The common denominator among them was that they had all been informants for a work of participatory research conducted by Ekawati Liu, a PhD candidate from Deakin University in Australia, into the livelihood choices of Indonesian villagers with disabilities. In Indonesia, they often refer themselves to as difabel, derived from the English term differently-abled.

The performance and the follow-up discussion in Sleman was the culmination of a project organized by the Peduli Program, with a five-day workshop held at the office of the Sasana Integrasi dan Advokasi Difabel (SIGAB) or Institute for Integration and Advocacy of the Difabled, an NGO established in 2003 to defend and fight for the rights of the difabled throughout Indonesia and to ensure their full integration into society.

The workshop was facilitated by Joned Suryatmoko — a theater director, playwright, community facilitator and researcher — whose role was to manage the logistics of the process and to establish a framework by which the participants could explore and express their experiences while allowing participants the autonomy to shape their own performance.

The performance comprised two acts.
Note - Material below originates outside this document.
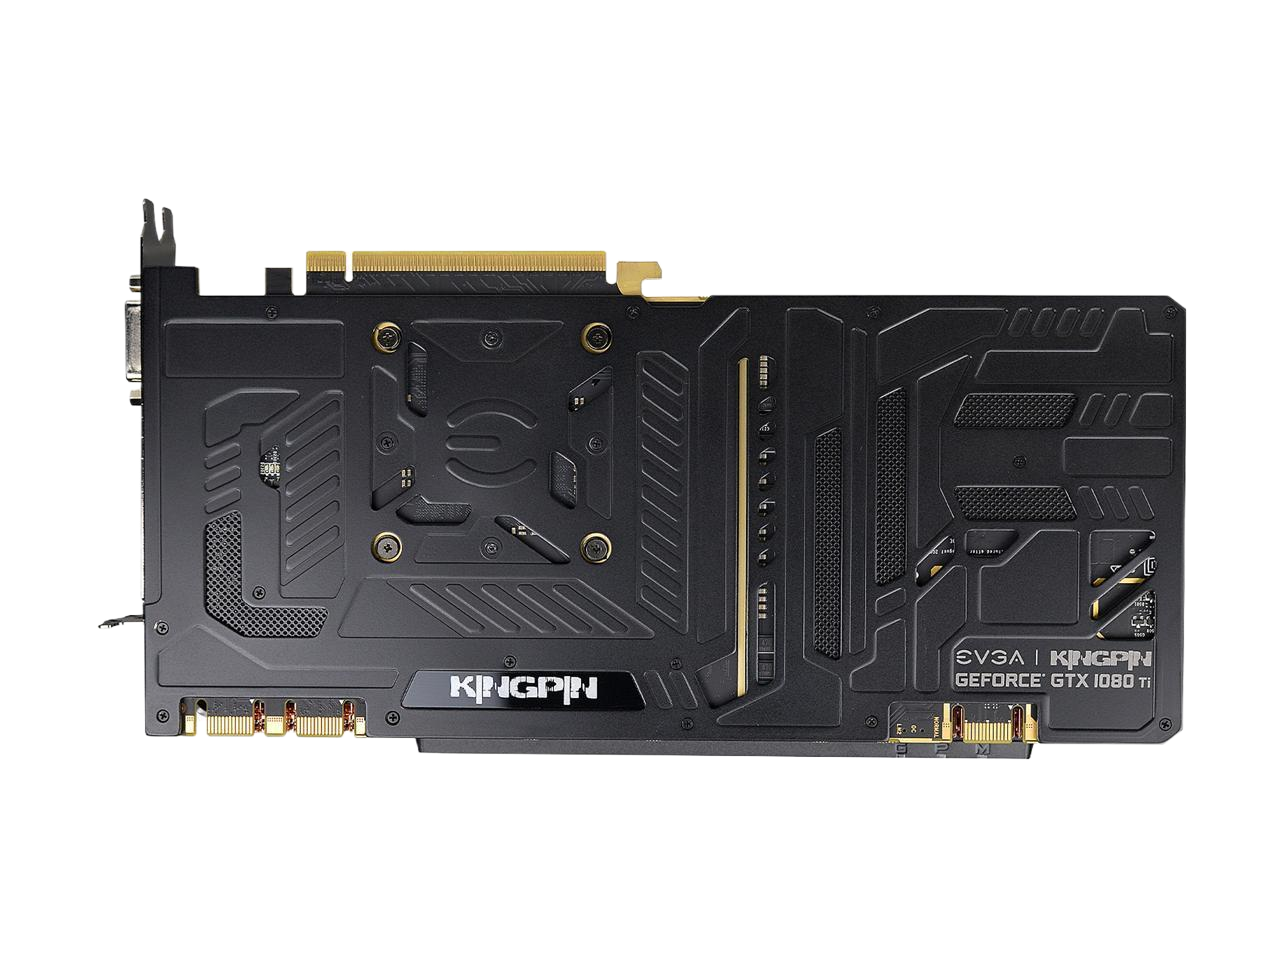 EVGA GeForce GTX 1080 Ti 11GB GDDR5X PCI Express 3.0 SLI Support K|NGP|N GAMING Video Graphics Card 11G-P4-6798-KR

The first involved villagers with hearing impairments describing their difficulties in accessing effective hearing aids and other assistive equipment. They described to the audience how this affected their ability to participate in their local community. The second act portrayed the story of a young man raising chickens who needed a loan to expand his business.

When the financial institution’s field officers visited him to inspect his business, they learned he was blind. Without ever referring to his disability, they found various barely plausible excuses to refuse the loan. The young man’s story had no resolution, leaving the audience to engage in a lively discussion to determine how society could better support people with disabilities.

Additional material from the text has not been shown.